HC took note of a petition filed by a minor who highlighted the near absence of professional help for students
The Delhi High Court, on Monday, issued notices to the State government on a petition highlighting increased stress levels among adolescents due to disruption of routine, parental anxiety, family violence and home confinement during Covid-19, and asked for the implementation of the Mental Healthcare Act 2017 at schools and colleges.
‘No steps taken’
The petitioners, through an RTI, discovered that no specific steps have been taken in Delhi to implement the Mental Healthcare Act, which entails appointing mental health professionals in educational institutions to assist students, nor has a survey been undertaken to assess the prevalence and incidence of mental diseases in the Capital.
The public interest petition, filed by advocate Rahul Kumar, on behalf of a young girl Devina Singh through her father, cited the National Mental Health Survey 2015-16 conducted by NIMHANS Bengaluru, to underline that while nearly 15 per cent of the adult population in India needs interventions for one or more mental health issues, the rising incidence of the same among both adolescents and elderly are of serious concern, especially among the urban population.
“Experts see a growing incidence of mental illness which needs urgent attention… Over 90 per cent remain untreated There is less than one psychiatrist available for every four lakh people.
“The scene is worse in rural areas. India’s allocation for mental healthcare is less than one per cent of the health Budget,” the petitioner submitted, quoting legislative Note No 2/LN/Ref./June/2016 to the Mental Health Care Bill 2013. She pointed out that the treatment gap in even severe mental disorders is approximately 50 per cent. In case of Common Mental Disorders, it is over 90 per cent.
Quoting a WHO study, the petitioner pointed out that India tops the list of countries with the greatest burden of mental and behaviour disorders, but societal conservatism creates barriers, especially for children, in seeking help.
They also attributed the under-treatment for mental ailments to lack of awareness and literacy and also social stigma attached to mental diseases in India.

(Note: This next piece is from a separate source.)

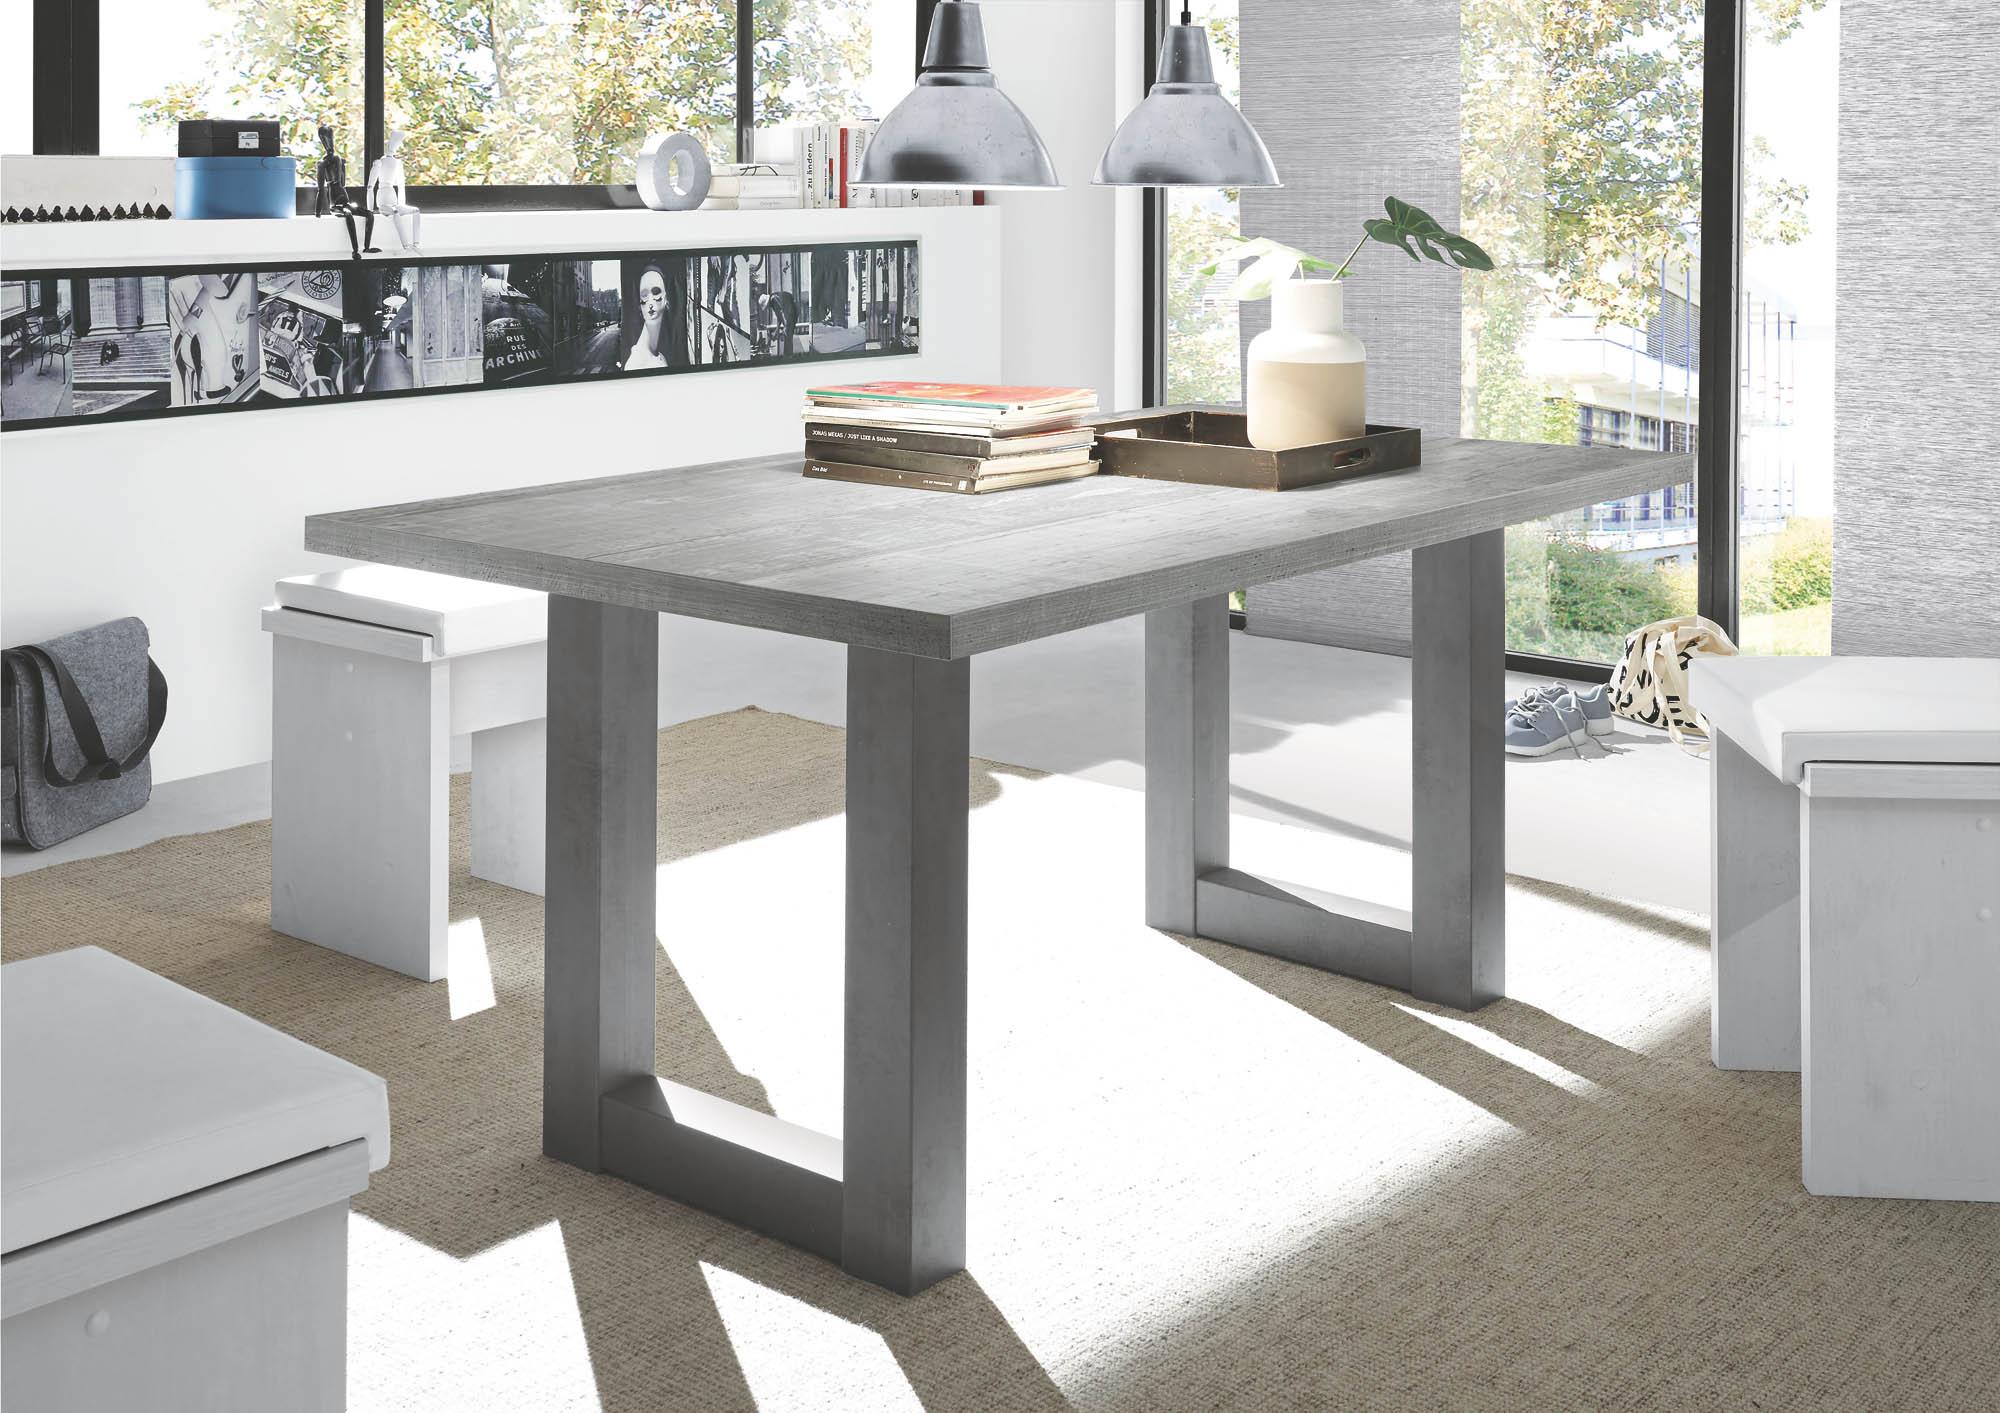 esstisch 180 cm breit mister u von m usbacher graphit beton. Black Bedroom Furniture Sets. Home Design Ideas
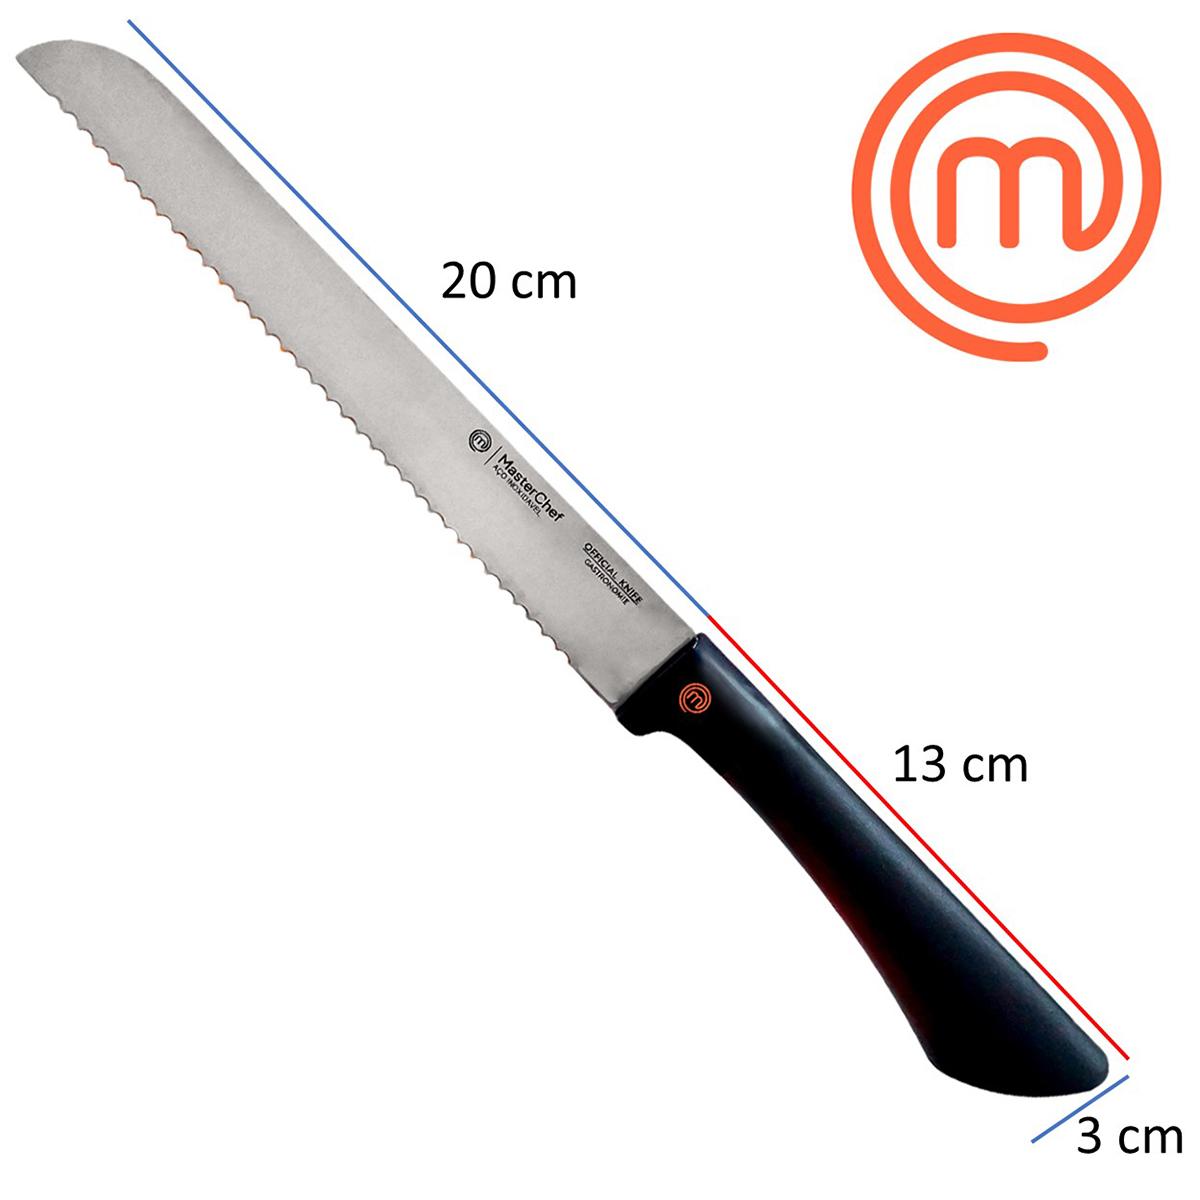 Faca 8 Pão Official Knife Gastronomie MasterChef

“Numerous empirical studies have found a direct correlation between academic stress, performance and sound mental health. Such issues among students continue to be unaddressed and unattended, which have a bearing on their outlook, performance in school and careers in life. It is observed that there are no comprehensive assessment, evaluation, and diagnostic protocols of mental health of students at school levels, in contrast with the physical health, where assessment and follow-up is done at periodic intervals,” the petitioner submitted.